**TASK TO COMPLETE**. Transcribe word for word the lines below from the line with "Illustration of abscesses" through the line with "آپدیت iOS 17.1.2", ends included.

**PROVIDED RECORDS**.
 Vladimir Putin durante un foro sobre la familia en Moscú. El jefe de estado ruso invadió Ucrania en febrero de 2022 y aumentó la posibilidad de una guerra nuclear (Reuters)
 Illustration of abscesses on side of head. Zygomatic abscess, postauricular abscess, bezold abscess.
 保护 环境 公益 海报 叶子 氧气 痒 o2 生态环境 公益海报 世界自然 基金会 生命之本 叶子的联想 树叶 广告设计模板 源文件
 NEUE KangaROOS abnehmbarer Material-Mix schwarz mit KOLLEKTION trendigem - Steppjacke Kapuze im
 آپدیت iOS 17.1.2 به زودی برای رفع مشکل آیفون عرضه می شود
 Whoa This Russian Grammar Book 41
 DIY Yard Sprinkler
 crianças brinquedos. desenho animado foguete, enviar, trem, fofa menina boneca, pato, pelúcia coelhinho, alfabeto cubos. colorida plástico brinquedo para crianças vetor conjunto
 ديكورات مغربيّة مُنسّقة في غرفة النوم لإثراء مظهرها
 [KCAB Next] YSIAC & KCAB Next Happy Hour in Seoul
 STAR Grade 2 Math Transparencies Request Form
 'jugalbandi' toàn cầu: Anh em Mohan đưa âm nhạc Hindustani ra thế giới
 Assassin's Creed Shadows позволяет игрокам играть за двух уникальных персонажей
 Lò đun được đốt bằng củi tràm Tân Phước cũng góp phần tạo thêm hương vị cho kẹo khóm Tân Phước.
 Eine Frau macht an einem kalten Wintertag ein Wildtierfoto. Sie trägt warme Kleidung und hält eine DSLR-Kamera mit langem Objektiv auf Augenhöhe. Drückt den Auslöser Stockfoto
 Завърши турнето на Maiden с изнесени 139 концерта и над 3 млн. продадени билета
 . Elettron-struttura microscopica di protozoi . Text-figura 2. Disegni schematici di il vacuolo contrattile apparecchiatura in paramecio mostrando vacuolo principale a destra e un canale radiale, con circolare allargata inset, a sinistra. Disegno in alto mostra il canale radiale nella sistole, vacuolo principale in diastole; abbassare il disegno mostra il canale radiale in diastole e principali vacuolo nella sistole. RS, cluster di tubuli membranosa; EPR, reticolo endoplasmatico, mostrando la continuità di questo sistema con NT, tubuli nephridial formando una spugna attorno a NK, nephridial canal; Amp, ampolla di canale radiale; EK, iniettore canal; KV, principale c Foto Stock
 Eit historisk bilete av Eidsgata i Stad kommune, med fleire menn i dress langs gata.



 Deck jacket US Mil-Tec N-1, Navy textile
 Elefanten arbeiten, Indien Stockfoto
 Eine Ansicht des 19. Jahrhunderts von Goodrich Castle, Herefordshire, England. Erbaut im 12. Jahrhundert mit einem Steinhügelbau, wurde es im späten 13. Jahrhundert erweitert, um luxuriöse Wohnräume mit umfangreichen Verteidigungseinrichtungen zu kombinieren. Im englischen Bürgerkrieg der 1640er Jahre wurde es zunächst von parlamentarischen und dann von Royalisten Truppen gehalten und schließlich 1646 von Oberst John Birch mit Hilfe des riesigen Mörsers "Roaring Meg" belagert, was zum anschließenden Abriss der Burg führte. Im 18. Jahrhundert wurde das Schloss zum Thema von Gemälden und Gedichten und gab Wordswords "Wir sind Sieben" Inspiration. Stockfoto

**ANSWER SECTION**.
 Illustration of abscesses on side of head. Zygomatic abscess, postauricular abscess, bezold abscess.
 保护 环境 公益 海报 叶子 氧气 痒 o2 生态环境 公益海报 世界自然 基金会 生命之本 叶子的联想 树叶 广告设计模板 源文件
 NEUE KangaROOS abnehmbarer Material-Mix schwarz mit KOLLEKTION trendigem - Steppjacke Kapuze im
 آپدیت iOS 17.1.2 به زودی برای رفع مشکل آیفون عرضه می شود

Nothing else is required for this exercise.